3 Matthias Bormuth, Life Conduct in Modern Times: Karl Jaspers and Psychoanalysis, Dordrecht: Springer 2006, p. 49. [Henceforth cited as LCM]

4 Cited in Shimon Levy, Beckett's Self-referential Drama: The Sensitive Chaos, Brighton, Great Britain and Portland, OR: Sussex Academic Press 2002, p. 34.

5 William Gavin, William James and the Reinstatement of the Vague, Philadelphia, PA: Temple University Press 1992, p. 17.

6 Martin Buber, "Healing Through Meeting," in Martin Buber on Psychology and Psychotherapy: Essays, Letters, and Dialogue, ed. Judith Buber Agassi, Syracuse, NY: The Martin Buber Library 1999, pp. 17-21.

7 Gustav Janouch, Conversations with Kafka, transl.
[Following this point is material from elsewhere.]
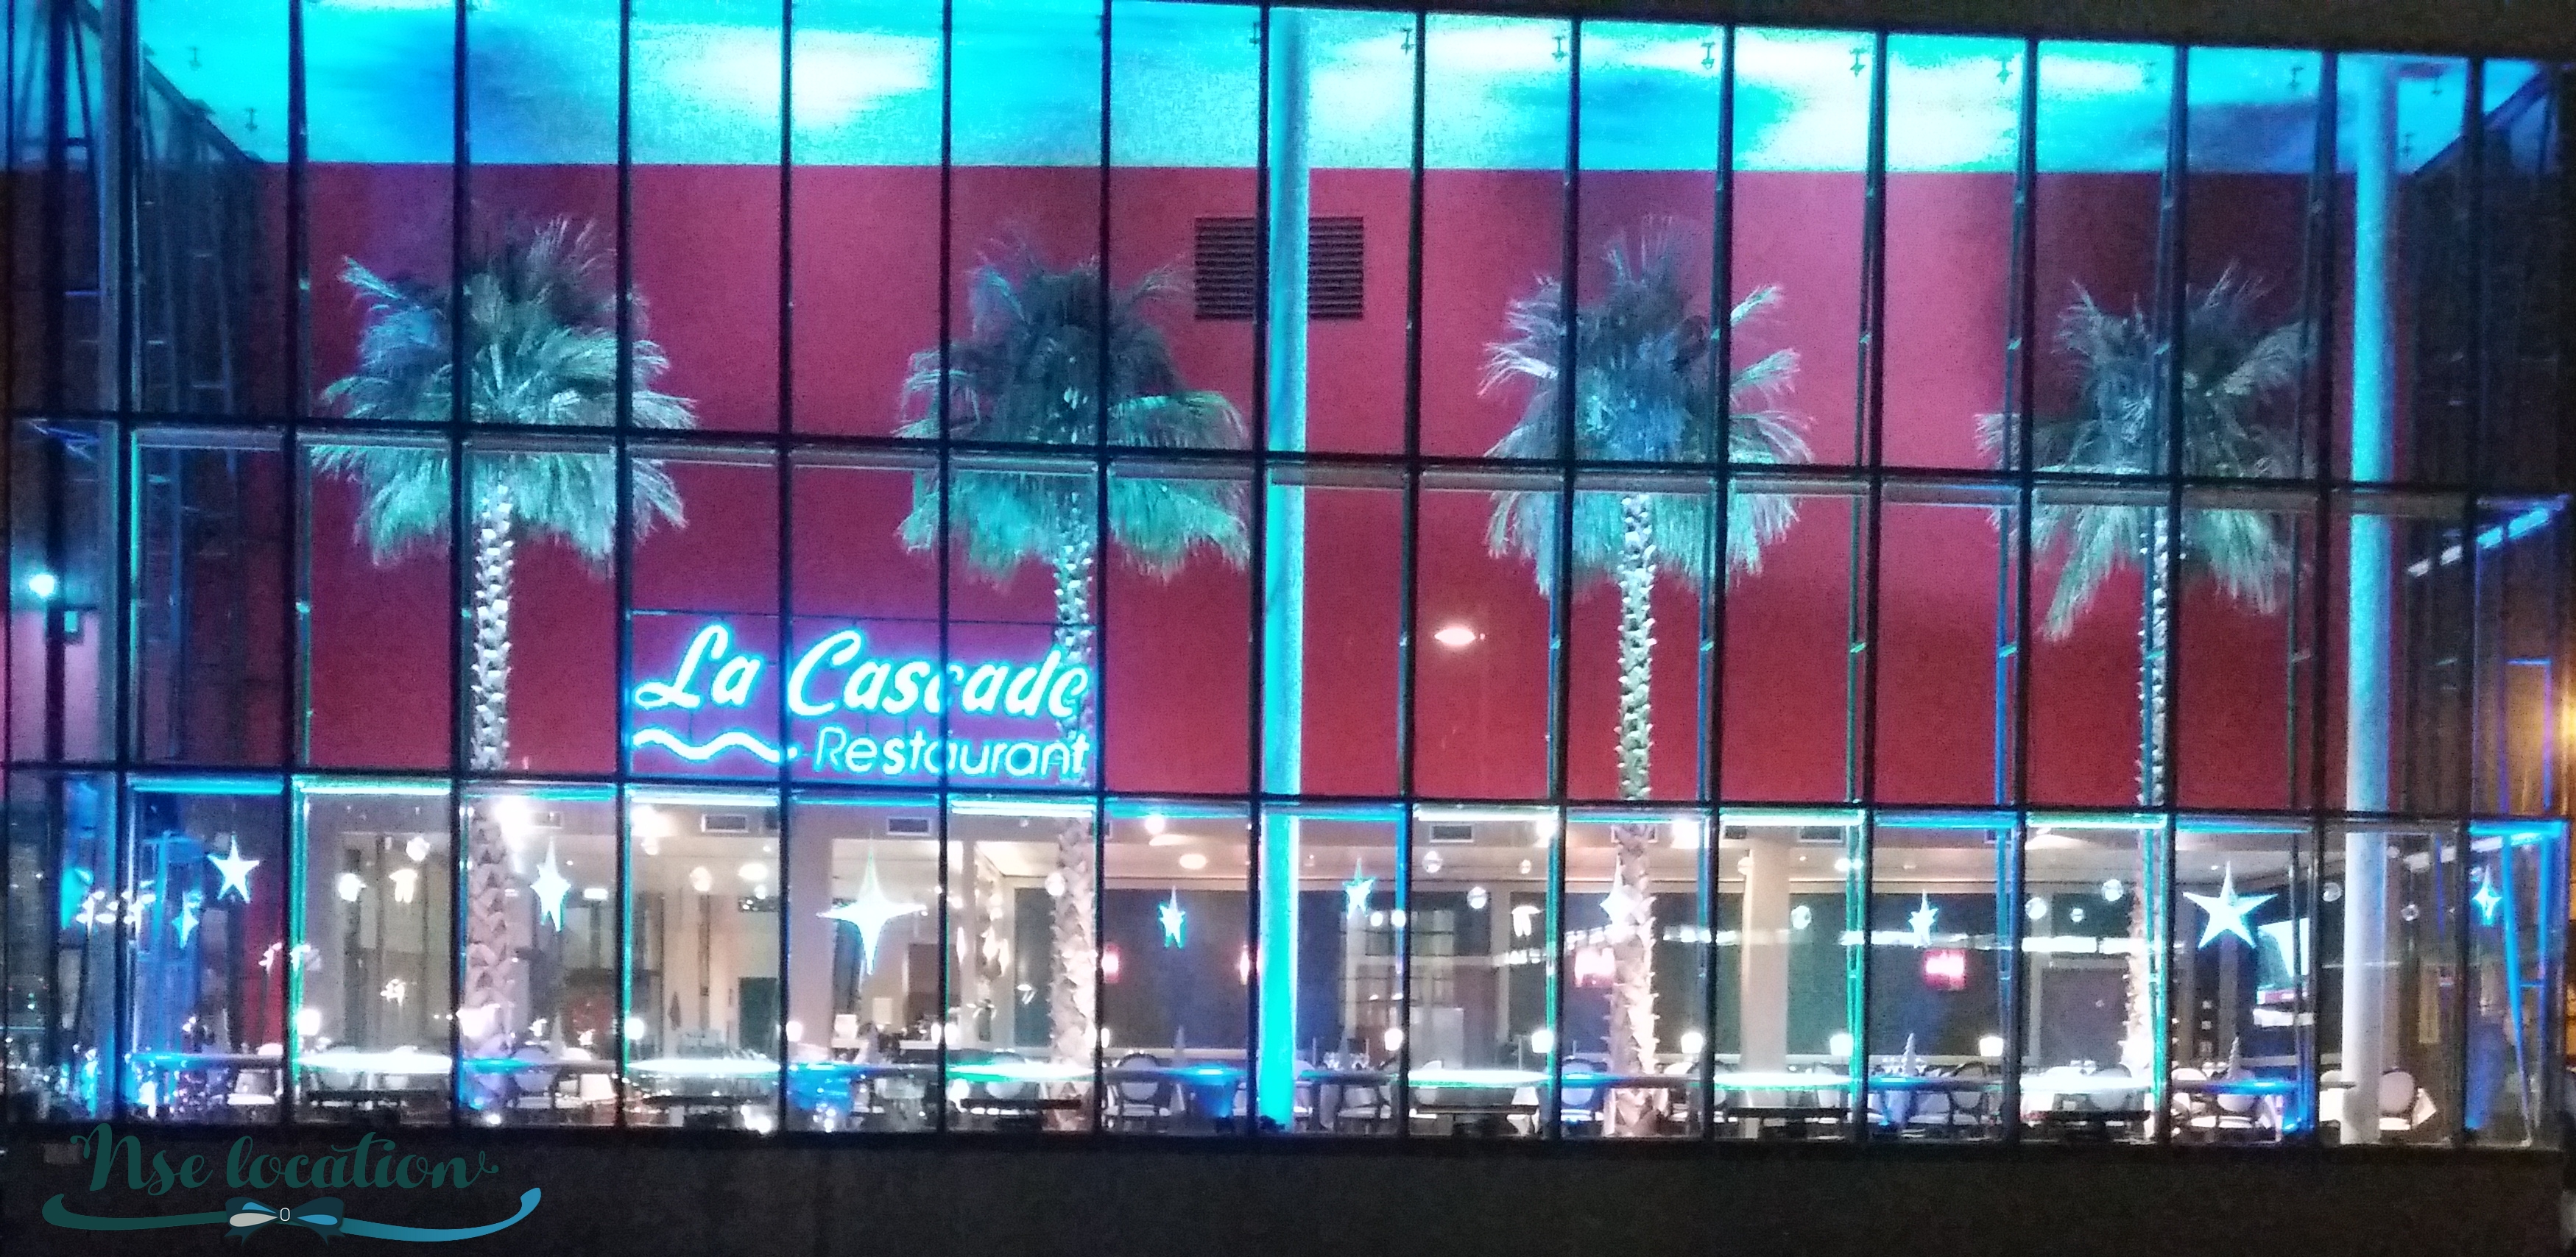 Déco et éclairage du Casino de Dunkerque - NSE Location
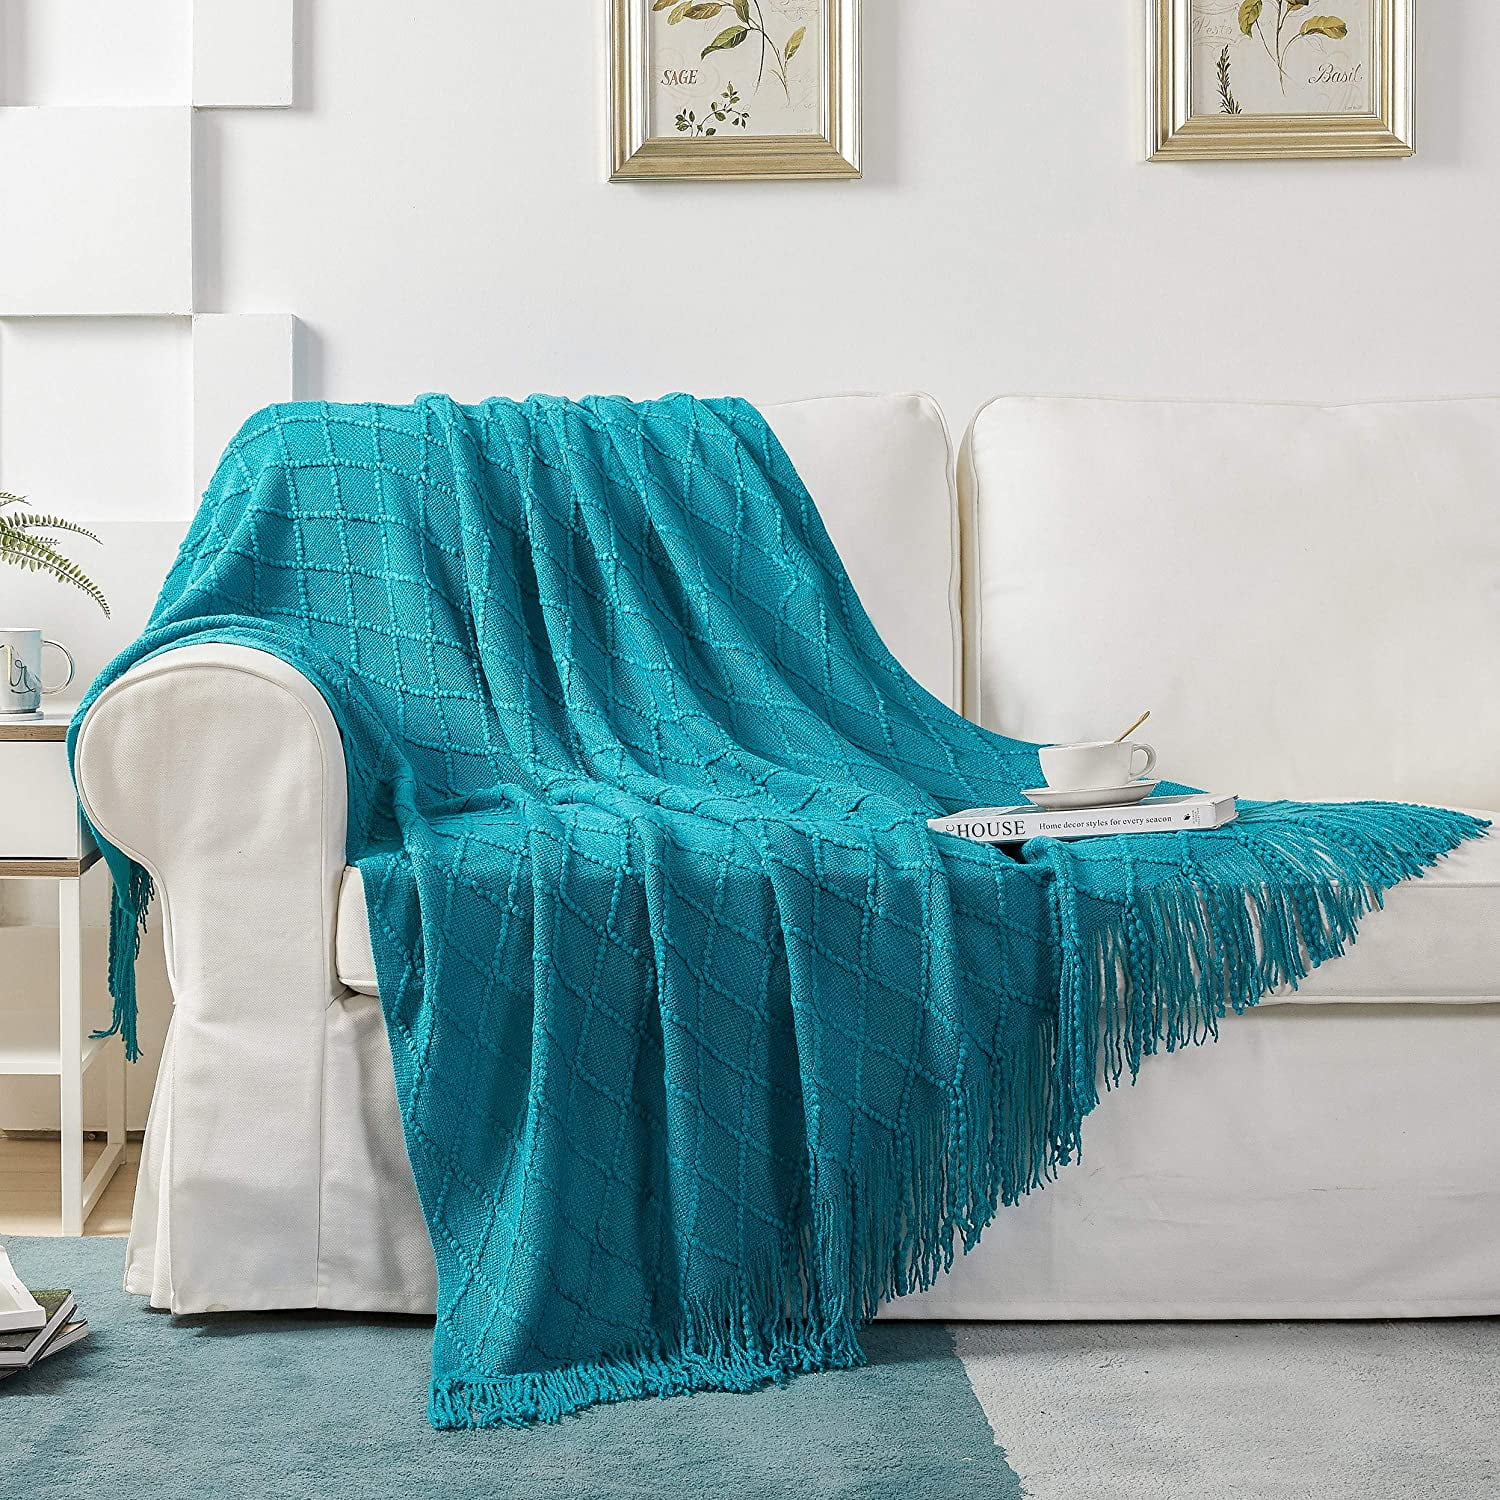 Arran Throw Blankets Luxury Wool Feel Super Soft Cosy Tassel Fringe Throws

Goronwy Rees, London: Quartet Books 1985, p. 63. [Henceforth cited as CWK]

8 Karl Jaspers, Philosophical Faith and Revelation, transl. E. B. Ashton, New York: Harper & Row 1967, p. 136.

9 Karl Jaspers, Philosophy of Existence, transl. Richard F. Grabau, Philadelphia, PA: University of Pennsylvania Press 1971, p. 33. [Henceforth cited as PE]

10 Karl Jaspers, Man in the Modern Age, transl. Eden and Cedar Paul, Garden City, NY: Anchor Books 1957, p. 194.

11 William Arrowsmith, Antonioni: The Poet of Images, New York, Oxford: Oxford University Press 1995, p. 19.

12 Bob Dylan, The Lyrics Since 1962, New York, NY: Simon & Schuster 2014, p. 853.